Professional fees include legal, audit, tax, valuation, and other professional fees incurred related to the management of the Company. General and other expenses include insurance, filing, research, subscriptions and other costs. Organization and offering costs include expenses incurred in our initial formation and our offering of Common Units.
Income Taxes, Including Excise Taxes
We intend to elect to be treated as a RIC under Subchapter M of the Code, and we intend to operate in a manner so as to continue to qualify for the tax treatment applicable to RICs. To qualify for tax treatment as a RIC, we must, among other things, distribute to our unitholders in each taxable year generally at least 90% of the sum of our ICTI, as defined by the Code (without regard to the deduction for dividends paid), and net tax-exempt income for that taxable year. To maintain our tax treatment as a RIC, we, among other things, intend to make the requisite distributions to our unitholders, which generally relieve us from corporate-level U.S. federal income taxes. For the three months ended March 31, 2022, we incurred $1 of U.S. federal excise tax.

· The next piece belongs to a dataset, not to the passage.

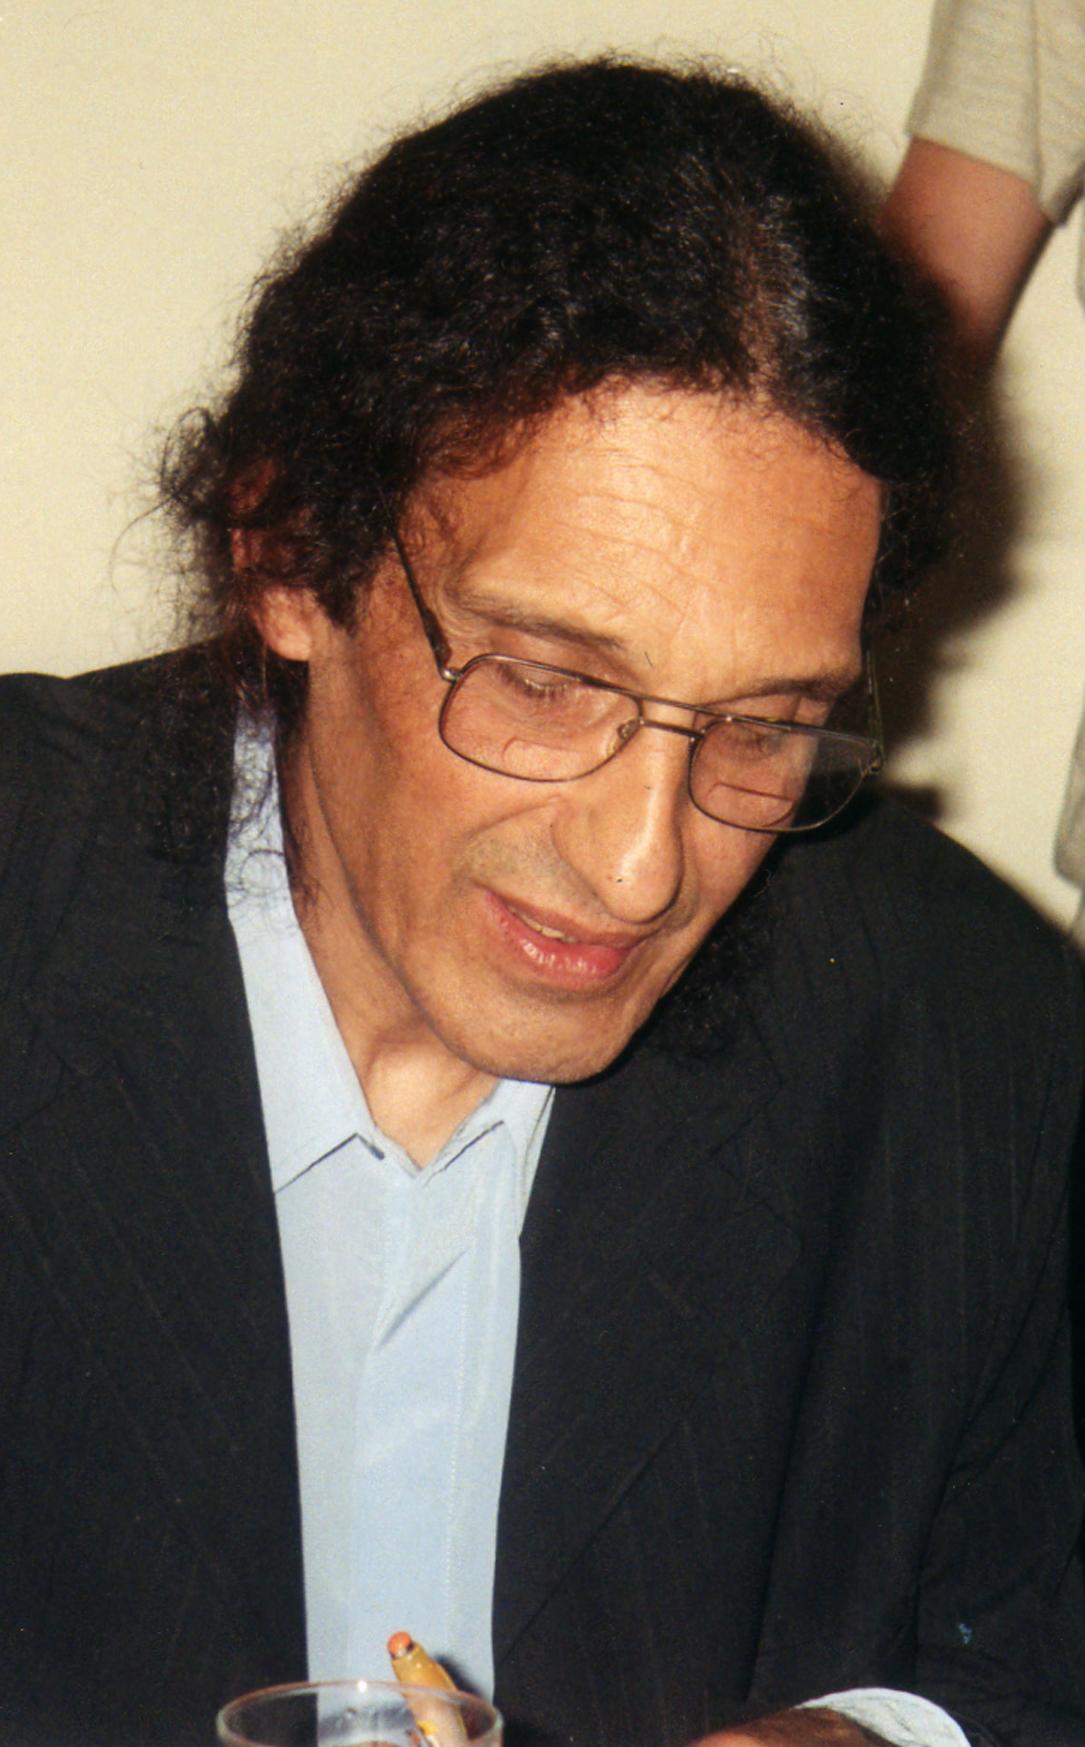 Ricardo Soulé en La Feria del Libro, en Mar del Plata.

FINANCIAL CONDITION, LIQUIDITY AND CAPITAL RESOURCES
We generate cash from the net proceeds of offerings of our Common Units, net borrowings from our credit facility, and from cash flows from interest and fees earned from our investments and principal repayments and proceeds from sales of our investments. We may also fund a portion of our investments through borrowings from banks and issuances of senior securities, including before we have fully invested the proceeds of the private offering of our Comon Units. Our primary use of cash will be investments in portfolio companies, payments of our expenses and payment of cash distributions to our unitholders. As of March 31, 2022, we had two revolving credit facilities outstanding, as described in “Debt” below. We may also from time to time enter into new credit facilities, increase the size of existing credit facilities or issue debt securities. Any such incurrence or issuance would be subject to prevailing market conditions, our liquidity requirements, contractual and regulatory restrictions and other factors.
As of March 31, 2022, we had approximately $71.1 million of cash, which taken together with our approximately $175.0 million and $335.0 million of availability under the CBA Subscription Facility and Barclays Funding Facility (each as defined below) (subject to borrowing base availability), respectively, and our approximately $715.0 million of uncalled capital commitments to purchase Common Units, or capital commitments, we expect to be sufficient for our investing activities and to conduct our operations in the near term.
Unregistered Sales of Equity Securities
As of March 31, 2022, we had received aggregate capital commitments of $1,000.0 million.
For the three months ended March 31, 2022, we issued a capital call to our unitholders. As a result, the total Common Units issued and proceeds received related to capital drawdowns delivered pursuant to the Subscription Agreements were as follows:
| | | | | | | | | | |
Unit Issuance Date | | Common Units Issued | | Amount |
March 31, 2022 | | 2,512,563 | | $ | 50,000 | |
| | | | |
Total | | 2,512,563 | | | $ | 50,000 | |
Distributions and Distribution Reinvestment
The following table summarizes our distributions declared and payable for the three months ended March 31, 2022:
| | | | | | | | | | | | | | | | | | | | | | | | | | | | | | | | |
Date Declared | | Record Date | | Payment Date | | Per Unit Amount | | Distribution Yield(1) | | Total Amount |
March 25, 2022 | | March 25, 2022 | | April 26, 2022 | | $ | 0.42 | | | 8.5 | % | | $ | 4,942 | |
| | | | | | | | | | |
| | | | | | | | | | |
Total Distributions | | | | | | $ | 0.42 | | | | | $ | 4,942 | |
(1) Distribution yield (annualized) is calculated by dividing the declared distribution by the weighted average of the net asset value at the beginning of the quarter, the capital called and distribution reinvested during the quarter and annualizing over 4 quarterly periods.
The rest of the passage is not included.